Haldane's dilemma is a limit on the speed of beneficial evolution


This is extremely vague, and immediately overshadowed by someone's unsourced ranting about creationists. Then we are quickly assured that Haldane was probably wrong, before we have any idea what he was wrong about.

The next small section is about as close as this article gets to clarifying what the actual substance of Haldane's argument:


In the introduction to The Cost of Natural Selection Haldane writes that it is difficult for breeders to simultaneously select all the desired qualities, partly because the required genes may not be found together in the stock; but, writes Haldane (p. 511) "especially in slowly breeding animals such as cattle, one cannot cull even half the females, even though only one in a hundred of them combines the various qualities desired."

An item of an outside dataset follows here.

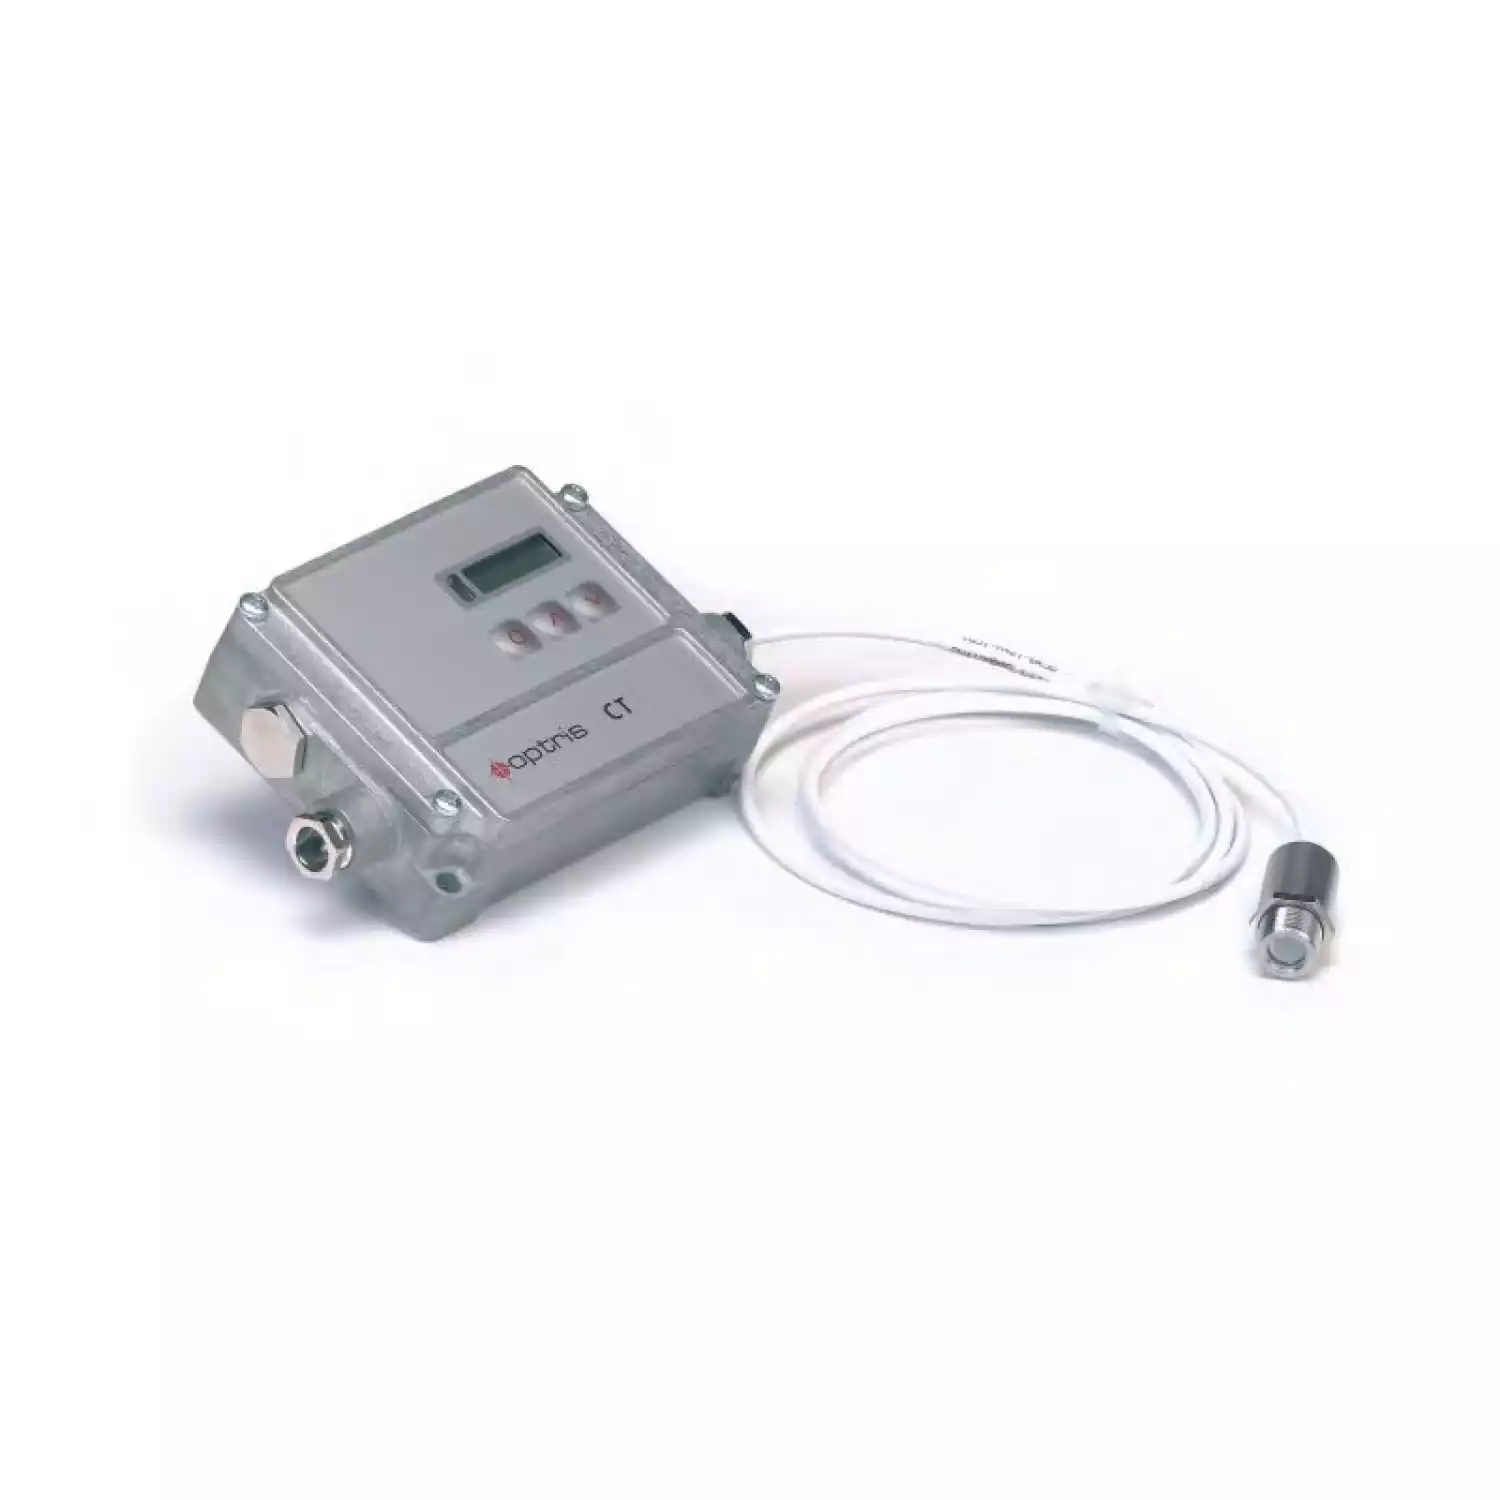 ИК термометр Optris CT fast - 1

That is, the problem for the cattle breeder is that keeping only the specimens with the desired qualities will lower the reproductive capability too much to keep a useful breeding stock.



This is bordering on being cryptic. A reader not already familiar with the subject of Haldane's Dilemma, will probably not even make the connection that this refers to the population cost for fixating a single genetic trait within a population.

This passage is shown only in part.